- Born: James Delano Winkles December 18, 1940 Oakman, Alabama, U.S.
- Died: September 9, 2010 (aged 69) Union Correctional Institution, Raiford, Florida, U.S.
- Convictions: First degree murder ×2 (2003) Kidnapping Robbery (1982) Grand theft Firearm theft Forgery (1982)
- Criminal penalty: Death (2003) Life imprisonment (1982)

Details
- Victims: 2–62
- Span of crimes: 1980 – 1981 (confirmed) 1967 – 1981 (confessed)
- Country: United States
- State: Florida
- Date apprehended: For the final time on January 6, 1982

= James Winkles =

American murderer and suspected serial killer

James Delano Winkles (December 18, 1940 – September 9, 2010) was an American murderer, kidnapper and self-confessed serial killer. Initially sentenced to life imprisonment on kidnapping charges, he admitted responsibility for two murders committed in Pinellas County, Florida during the 1980s, for which he was convicted and sentenced to death. Winkles claimed that he had killed a total of 62 people during his lifetime, but no other murders were definitively corroborated, and he died awaiting execution in 2010.

==Crimes==
From 1963 to 1982, Winkles moved around various counties across Florida, amassing arrests for multiple felonies. He made a living by stealing and doing odd jobs, only occasionally taking up work as a mechanic. Twice divorced, he eventually married for a third time to a woman named Mary Thomas, who gave birth to a child sometime in the mid-1970s. The pair would remain married until his final arrest.

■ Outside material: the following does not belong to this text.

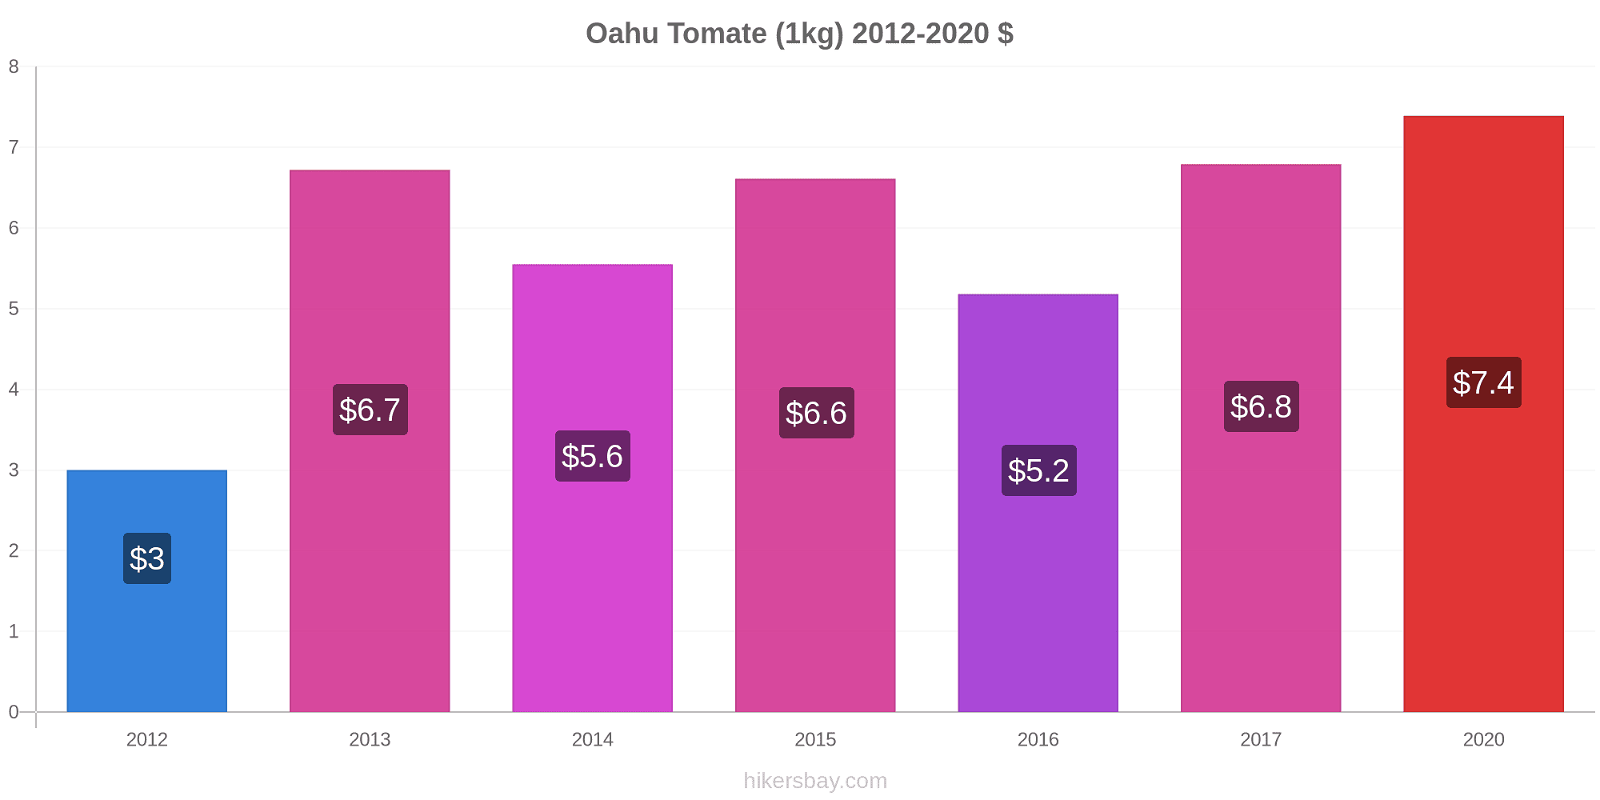 Oahu cambios de precios Tomate (1kg) hikersbay.com

On September 12, 1981, Winkles was arrested in Pinellas County on charges of fraud for selling forged documents, but was released from custody after posting bail. A month later, the decapitated body of a woman was found on a property in Citrus County, and while the coroner was unable to establish the cause of death, he put the victim's date of death as sometime between late September or early October. Winkles became a suspect after an anonymous witness contacted the authorities and claimed that they had seen Winkles' wife on the property. While Winkles admitted that they had camped out there in early October, he claimed that he was unaware of the body. His testimony was corroborated by his wife, and since there was insufficient evidence to charge them, the pair were released.

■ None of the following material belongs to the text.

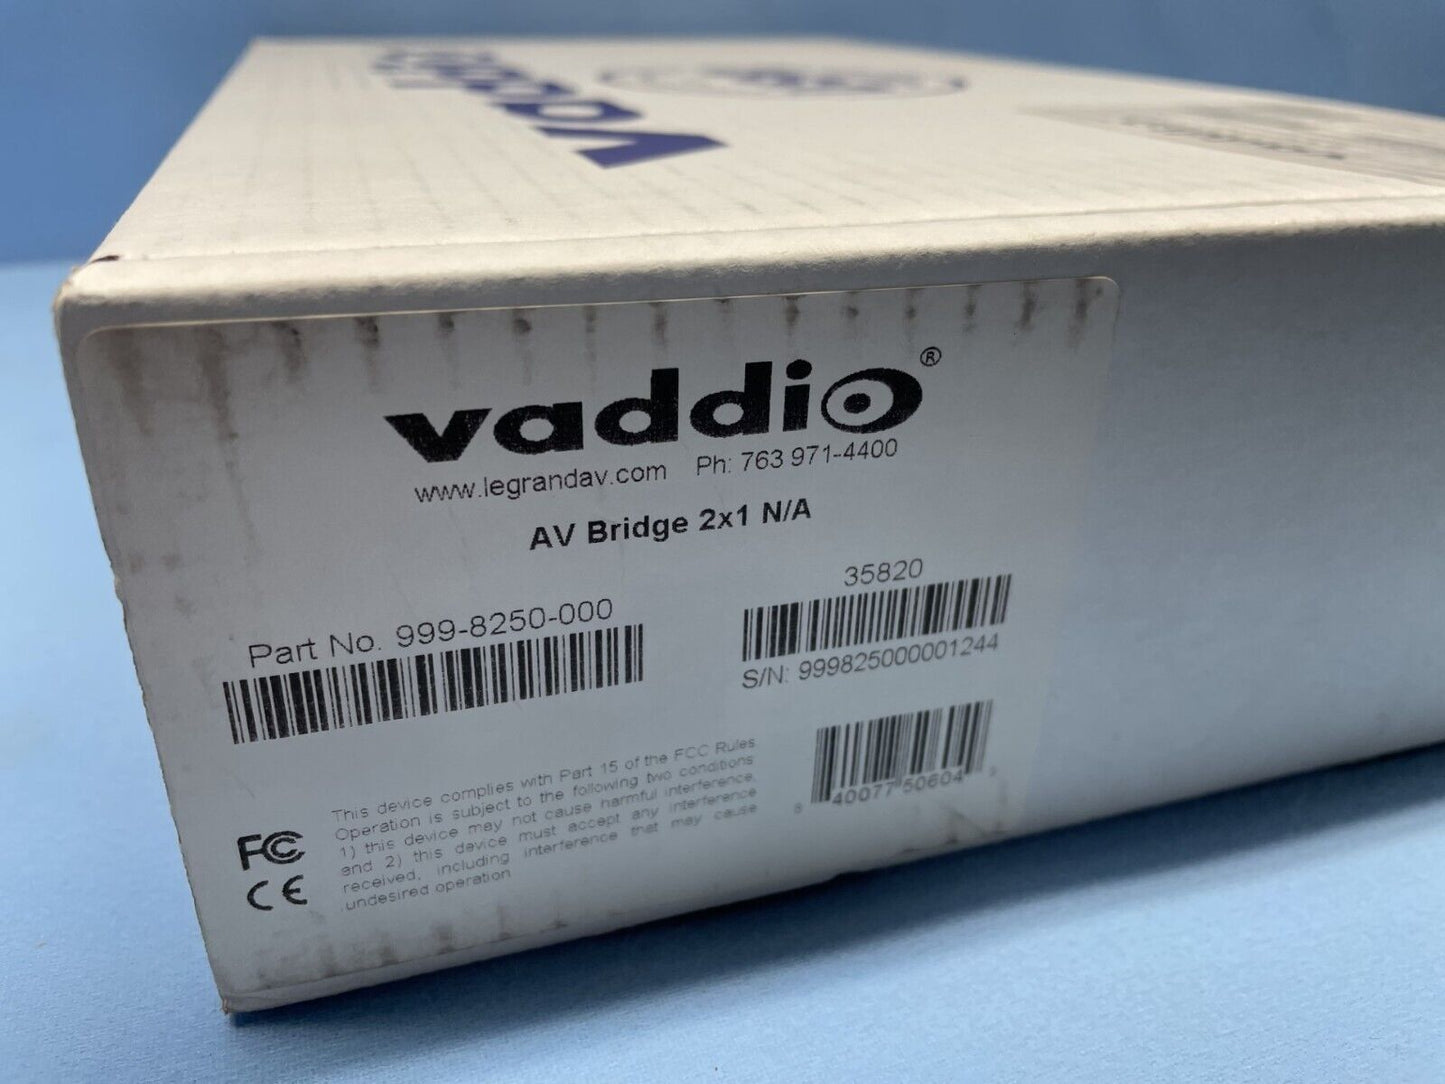 Vaddio AV Bridge 2x1 Lecture Capture Device 999-8250-000

On January 6, 1982, Winkles entered a real estate agency based in Seminole County and, using the alias 'David Longstreet', asked the 28-year-old saleswoman Donna Maltby to show him some of the homes for sale. After he chose one of the properties, they arranged to meet on the next day for a detailed inspection. On the early morning, Winkles called the agency and said that his car had broken down, requesting that Maltby pick him up from the parking lot of a hotel he was staying at. After she arrived, he told her that he had managed to fix up his car and offered to drive her to the property, to which Maltby agreed. Along the way, however, Winkles sexually assaulted and then stabbed her several times with a knife. He then tied her up and threw her onto the back seat of the car where, under knifepoint, he stole her money and credit cards.

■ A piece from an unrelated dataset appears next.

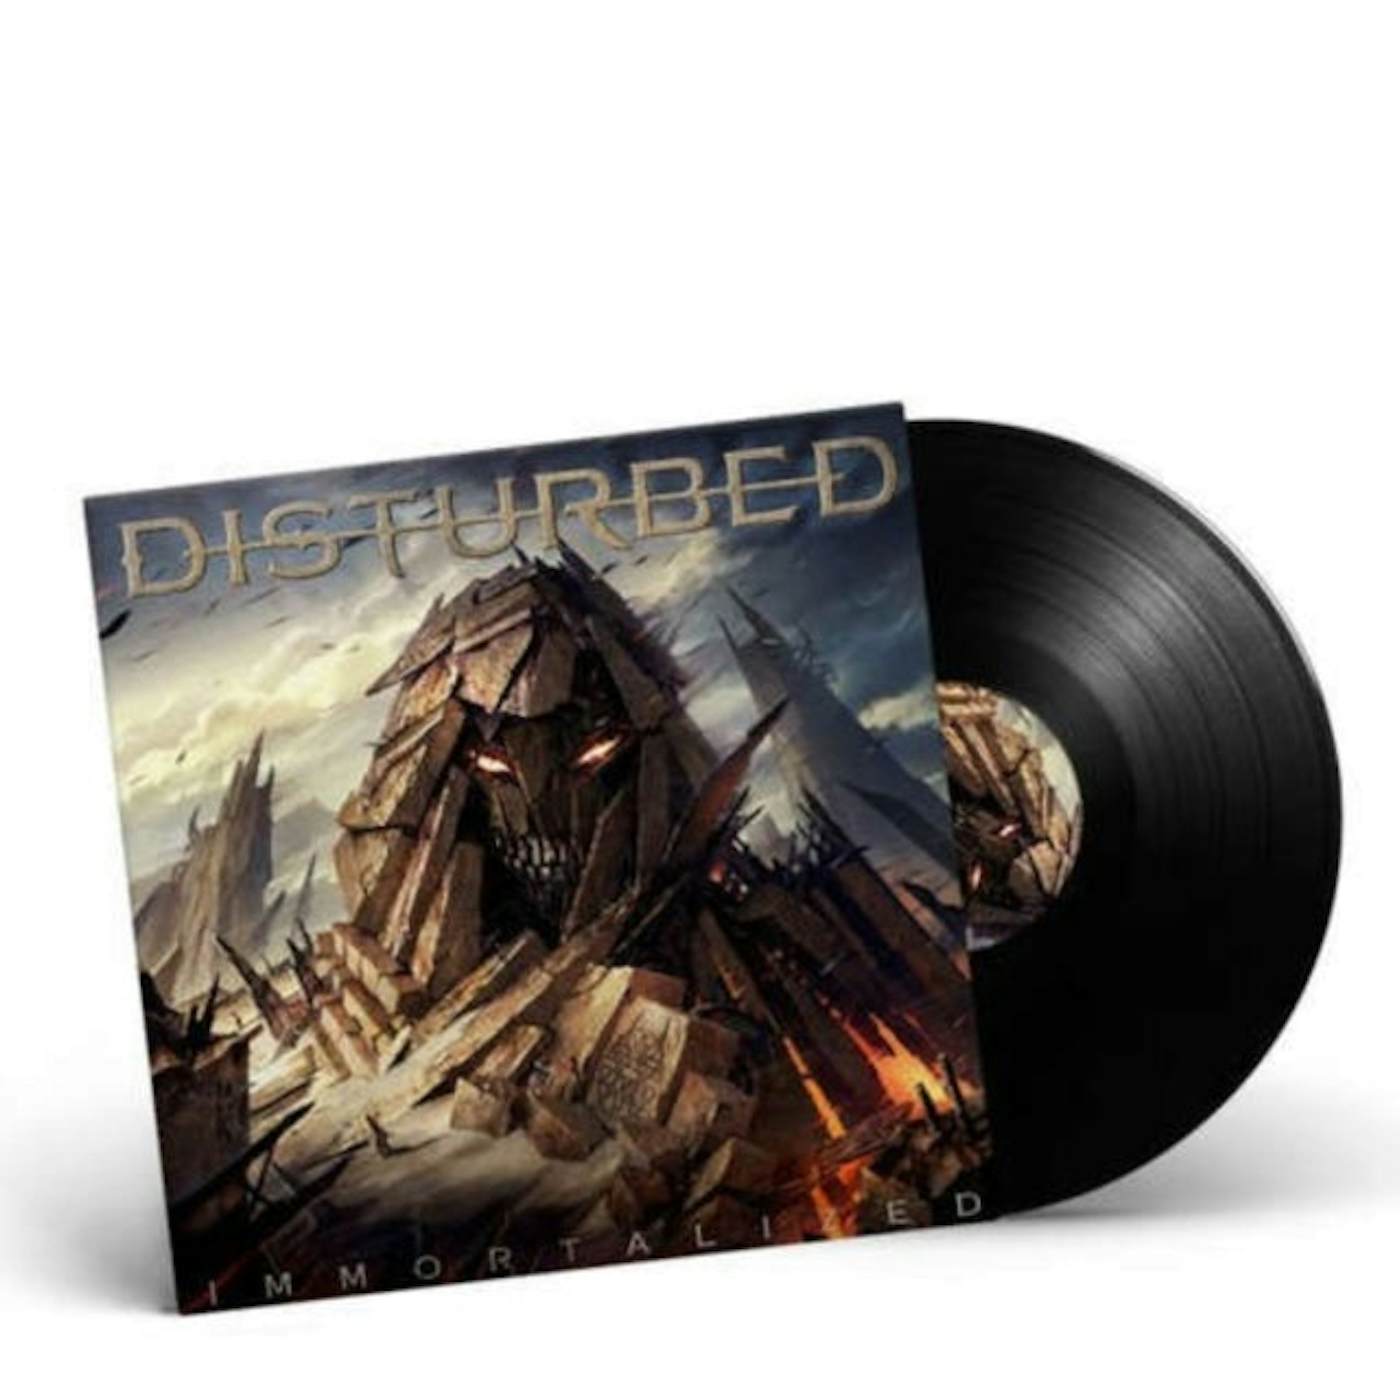 Disturbed LP Vinyl Record - Immortalized

Winkles had intended to drive Maltby to Tampa, where he had a rental apartment, but lost his way in the fog and had to stop at a gas station in Pine Hills. To avoid arousing suspicion, he removed her restraints and ordered her to sit in the front seat. Despite his death threats, Maltby managed to get out of the car and call for help, whereupon the employees called the police. Winkles was arrested soon afterwards and brought to the police station, where he tried to claim that he had seen Maltby stealing $8,900 from her agency's cash register, but no such money was found. He then tried to convince the investigators that he had no intention of abducting or assaulting her, but a search of his vehicle turned up drugs, a set of handcuffs, rope, duct tape, bottles of alcoholic beverages and a briefcase containing women's underwear that did not belong to Maltby.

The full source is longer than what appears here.